Eis a mágica de “Won’t You Be My Neighbor?”. Como pode um filme sobre uma pessoa até então relativamente desconhecida ser tão emocionante? É moda atualmente e provavelmente também era das gerações passadas dizer que o mundo está ficando cada vez mais louco, que as pessoas estão cada vez mais longe da virtude e da ética e que é tudo culpa de alguém, seja a Geração Y culpando os Baby Boomers e vice-versa. O mais próximo da verdade é que talvez sempre tenha existido esse espaço entre as pessoas que hoje se atribui à tecnologia, que as pessoas sempre tiveram alguma forma de manifestar suas neuroses usado o que estava disponível para si em seu tempo.
É por isso que Fred Rogers é tão grande. Enquanto há biografias de inventores e artistas expondo suas revoluções geniais, a história de um homem que fez seu pequeno trabalho com pequenas pessoas se exalta por sua simplicidade. Não de forma ou de conteúdo, mas de espírito, a mesma que sem esforço mostra quais tipos de valores fazem falta hoje tanto quanto faziam anos atrás. Emocionante é ver um homem ser popular e reconhecido por dizer as verdades mais simples, que deveriam ser parte do senso comum e ainda assim atingem onde é mais suave sem precisar de oratória rebuscada. Emocionante é ver que ainda existe decência e respeito afora, nem que seja na forma desta homenagem a alguém que se tornou popular por ser um homem bom.

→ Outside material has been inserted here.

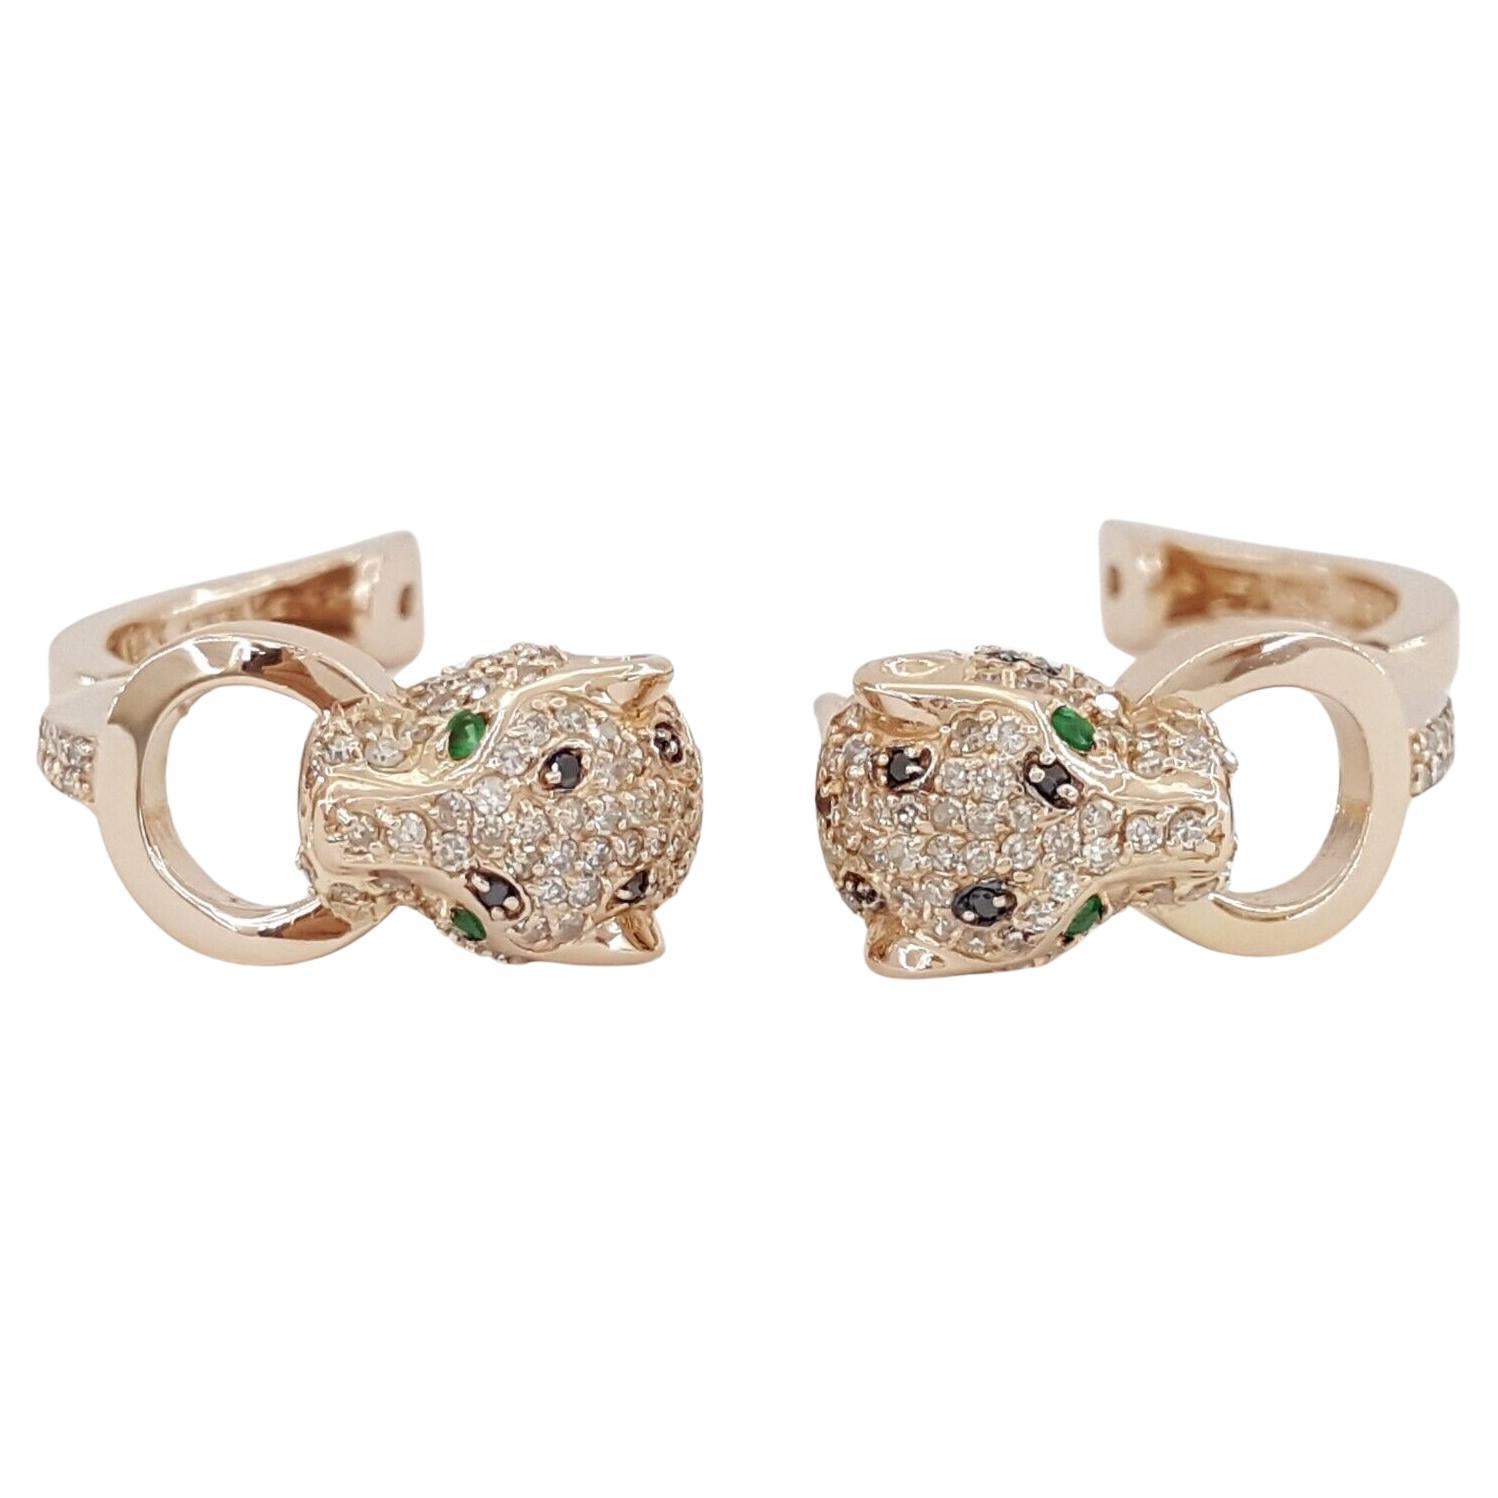 These are EFFY's distinctive Panther Hoops Earrings crafted in 14k Rose Gold, featuring a total weight of 0.89 carats of Round Cut White & Black Diamonds, complemented by vibrant Green Emerald accents. The earrings weigh 8.8 grams and showcase Round

A ironia de toda a situação é que “Won’t You Be My Neighbor?”, sendo um excelente documentário sobre uma figura imensamente popular da televisão americana, sequer tenha sido indicado para o Oscar. Mas tudo bem, talvez os concorrentes tenham merecido mais a atenção da Academia por abordar assuntos mais tocantes como montanhismo, vida de negros numa cidade pequena, amizades unidas pelo skate, política na Síria e a vida de uma mulher da Suprema Corte americana. Então vem 2019 com um filme de ficção sobre o mesmo Mister Rogers interpretado por Tom Hanks. E com isso uma indicação ao Oscar para sua atuação. Até parece piada, porém sem tanta graça porque é claro que Hollywood corrigiria seu próprio suposto erro a tempo de não deixar o assunto esfriar.